*Data below*
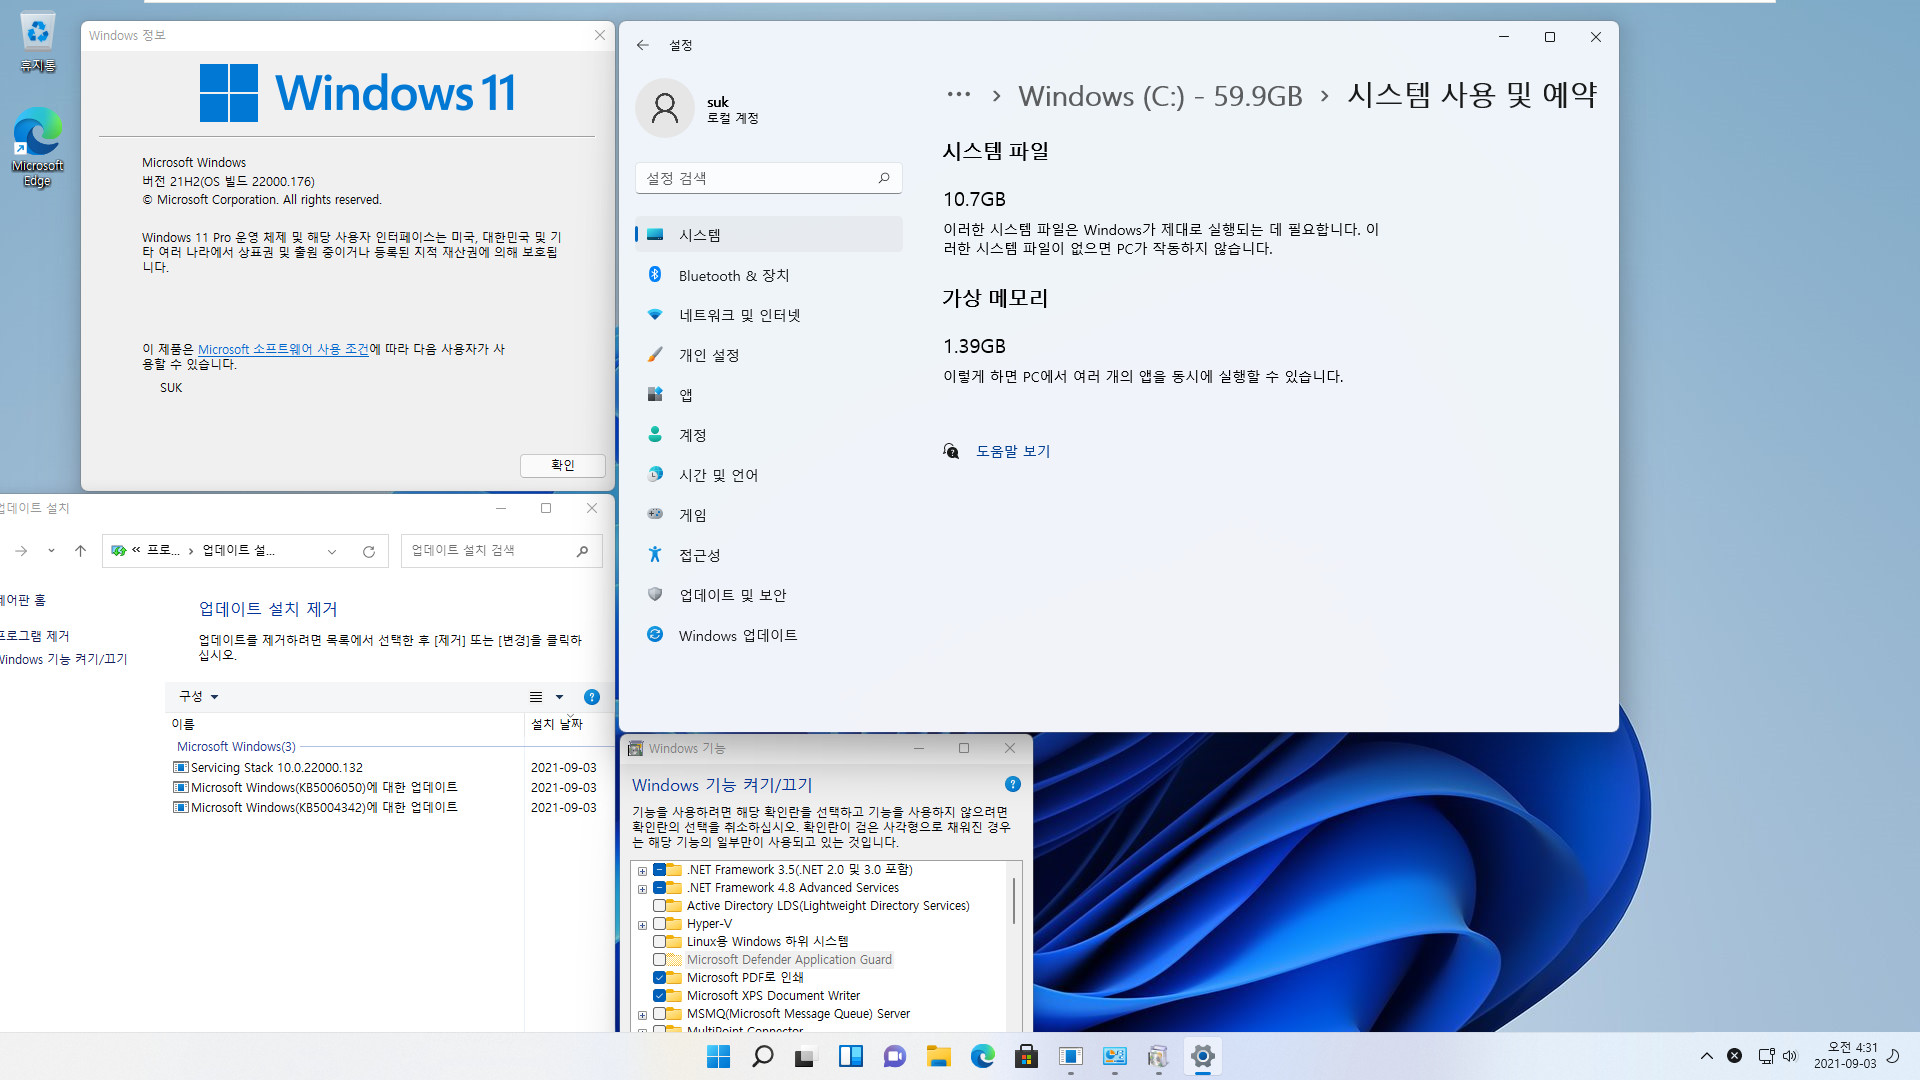 Windows 11 인사이더 프리뷰 - 버전 21H2 (OS 빌드 22000.176) 나왔네요 - 베타 채널 2021-09-03_043112.jpg
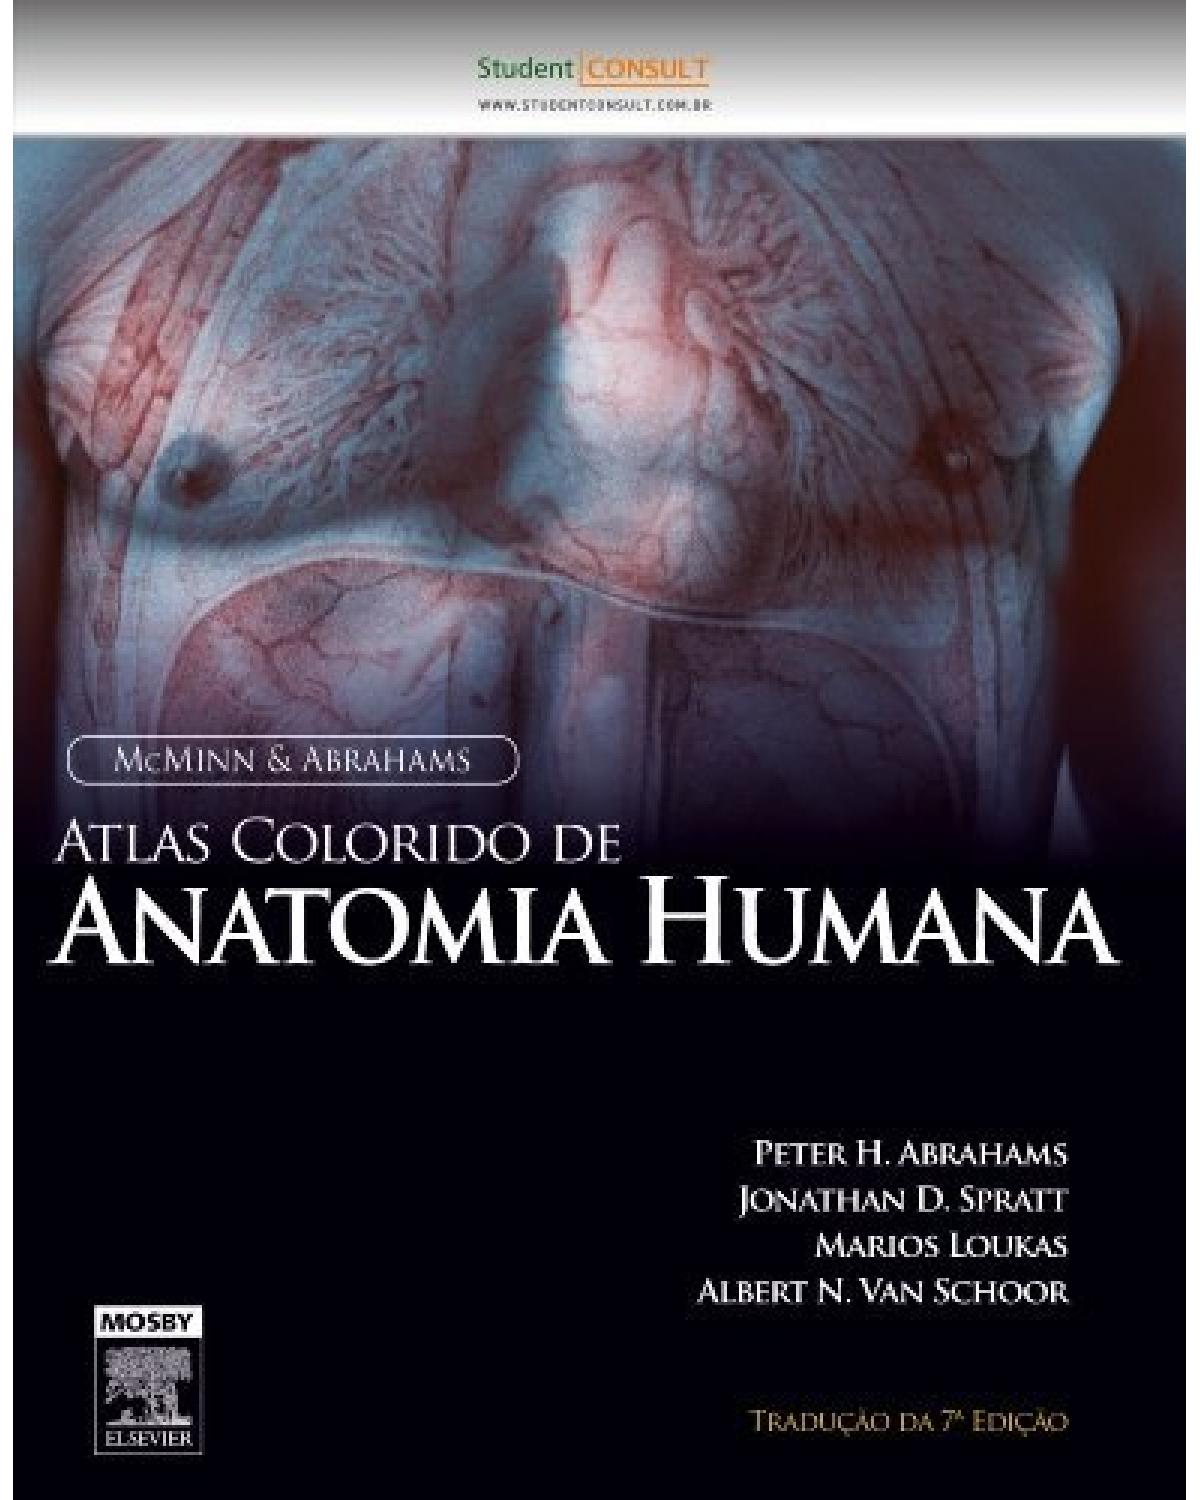 McMinn & Abrahams - Atlas colorido de anatomia humana - 7ª Edição | 2014
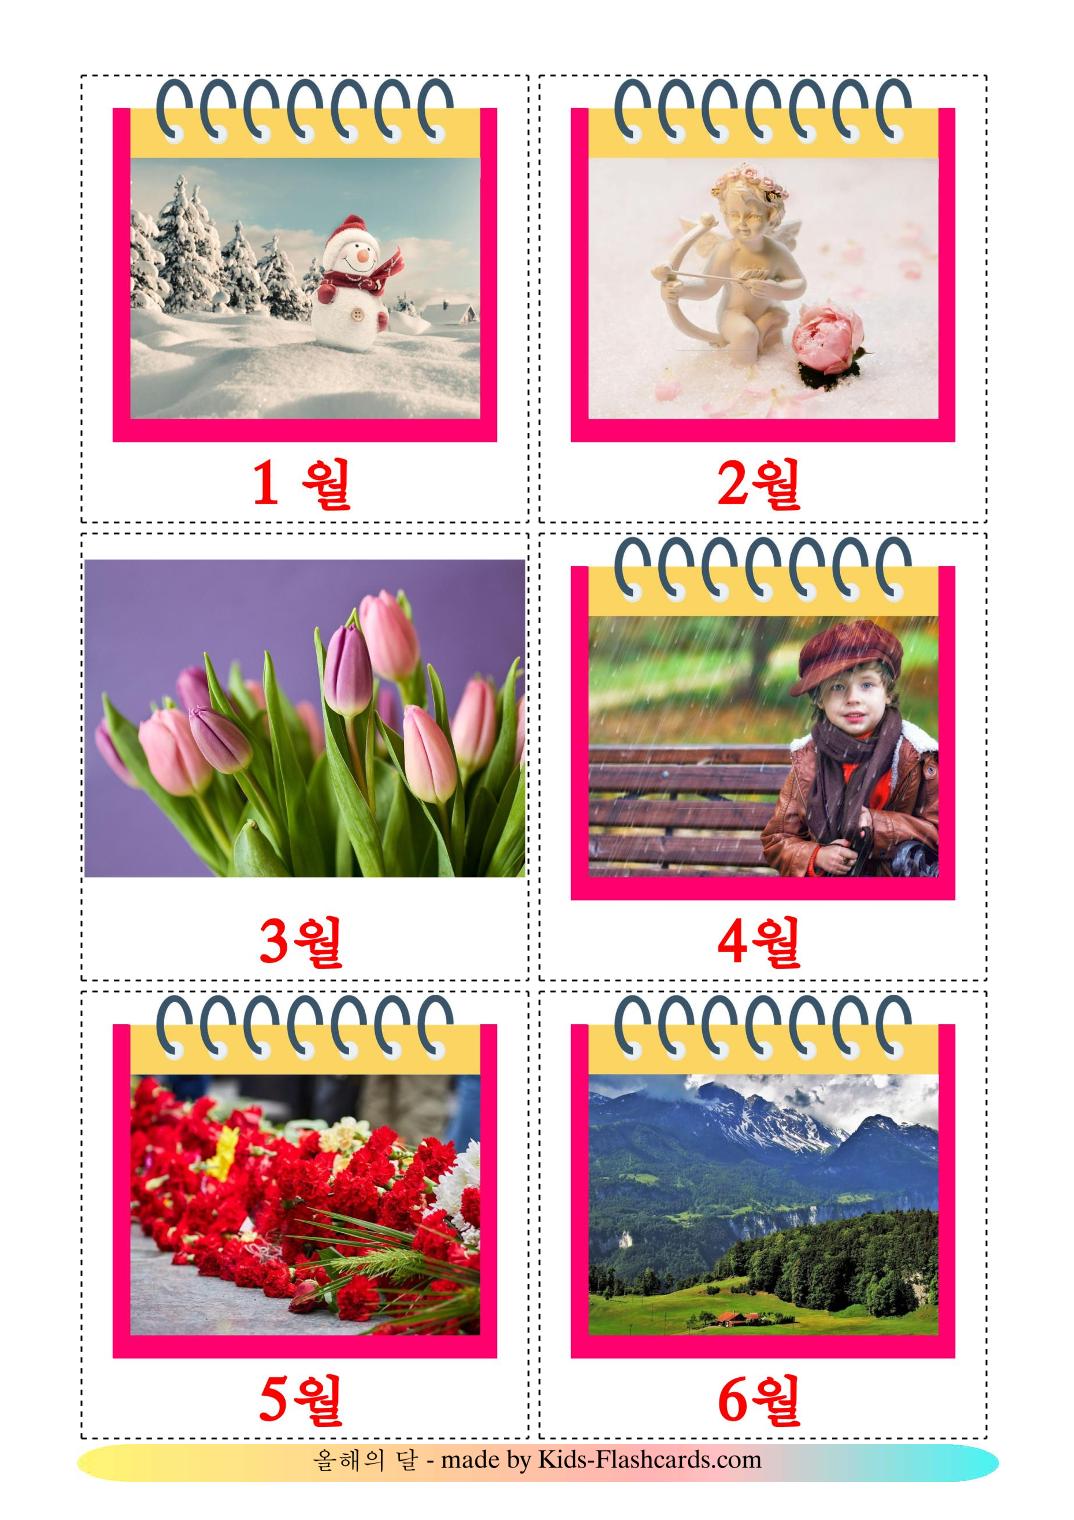 Meses do ano - 12 Flashcards coreanoes gratuitos para impressão

*Assignment*
Find the line with "McMinn & Abrahams". Return it and each line after it through the end of the data, exactly, without pictures.

*Task response*
 McMinn & Abrahams - Atlas colorido de anatomia humana - 7ª Edição | 2014
 Meses do ano - 12 Flashcards coreanoes gratuitos para impressão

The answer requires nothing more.